MA Contemporary Art Practice student Ashraf Malek is a contemporary artist from Egypt who creates expanded paintings that explore notions of diversity, culture and spatial realms. His work uses both traditional and digital mediums to blur conventional boundaries of space connecting us with the infinite realm celebrating the journey rather than the destination.
MA Textiles student and AI artist Zheng Yuan, from China, incorporates the flourishing of life and the constant renewal of nature into his design for the Coronation Concert.
MA Animation student Adriana Scalisi is a digital artist from Italy with a background in graphic design. Through this animated work, she depicts the cyclical process of water, from rain to river to sea and back again, highlighting the never-ending flow of life.
This artwork by MA Information Experience Design student Liangqia Huang from China creates a dialogue between the starry sky and its observers, symbolising the flow of an unseen force through magnificent planets and dazzling rivers of stars.
Chinese artist Shiqi Sha who studies MA Moving Image depicts paths of stars crisscrossing in intricate patterns to explore the concept of destiny or a larger plan or purpose to which we are all connected.
MA Contemporary Art Practice student Yula Kim, from South Korea, is inspired by the role of nature in today's society and for the Coronation Concert created a sky view with natural colours from galaxies to visualise love and unity.

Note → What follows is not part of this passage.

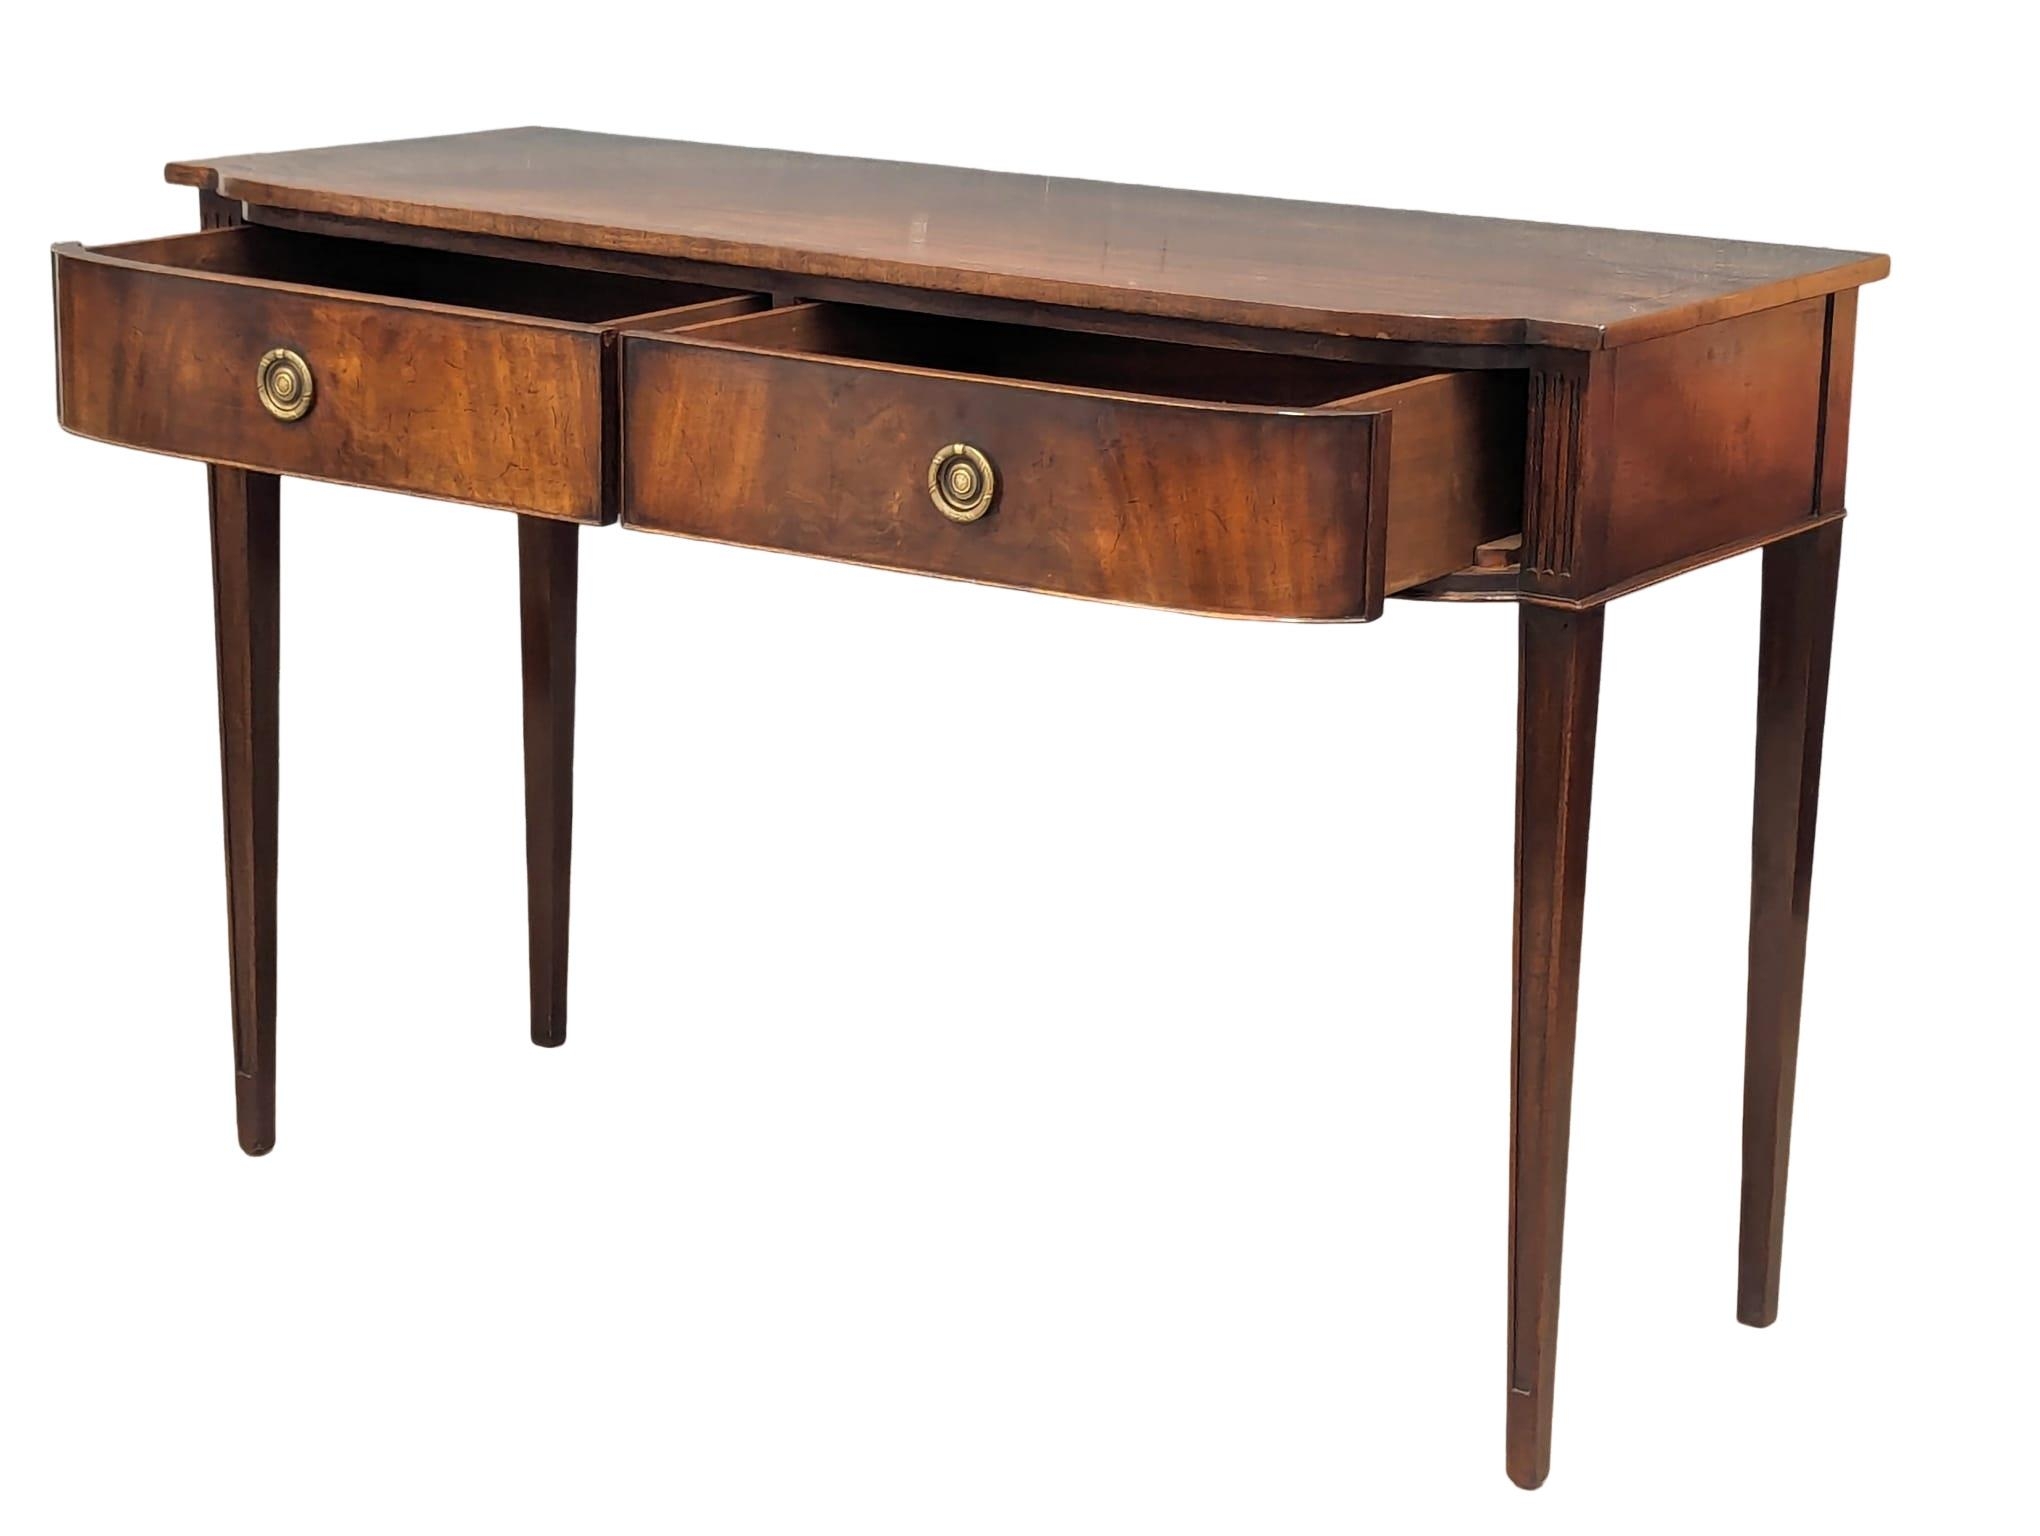 An early 20th Century inlaid mahogany console table in Hepplewhite style, 130cm x 52cm x 84cm - Image 3 of 6

As founders of Orbital Bloom, German-Israeli artist Shira Wachsmann and Palestinian-Iraqi-American artist Dr Ameera Kawash are developing a digital garden that expresses the energy performance of buildings. They adapted their nature-inspired language for the concert to create a thriving digital ecosystem that inspires hope and care for our shared planetary future.
MA Information Experience Design student Rong Shi is a Chinese new media artist who designs interactive installations and immersive experiences. Her work depicts Romeo in the foreground, with the use of celestial imagery to reinforce the idea of a story of epic proportions determined by larger cosmic forces.
Taiwanese new media artist and motion graphic designer Yueh Huang who is studying MA Visual Communication, has created a poetic vision for the concert focusing on depicting emotions with a dominant use of cool tones.
MA Visual Communication student Jiachun Hu is an illustrator and artist who uses soft, gentle, and intuitive marks in her creative process. Her design features Romeo and Juliet dancing together in a romantic scene, which is set against the backdrop of erupting volcanoes that serve as fireworks.
Intrigued by AI’s ‘deep dive’ into the collective archive of memories, artists and MA Contemporary Art Practice students Yijia Wu and Ziwei Lu created a work that acts as an intimate conversation between us and technology.
South Korean visual artist and MA Information Experience Design student Yun Hyeong Park explores the connection between language and visual representation by depicting the moment of the King's Coronation as a bright early morning, with gold accents shining against a blue sky.
MA Digital Direction student Junyi Huang is a video game artist and fashion illustrator from China. His piece synthesises classical fashion illustration techniques and regal motifs weaving together interlaced stars, serene forests, tranquil oceans, and crystal-clear skies.
MA Painting student Shafina Jaffer is an abstract spiritual artist from Tanzania who is inspired by nature and impermanence. Her Coronation artwork depicts celebration, joy and dancing through the infinite cosmos of the finite under the auspices of a moon.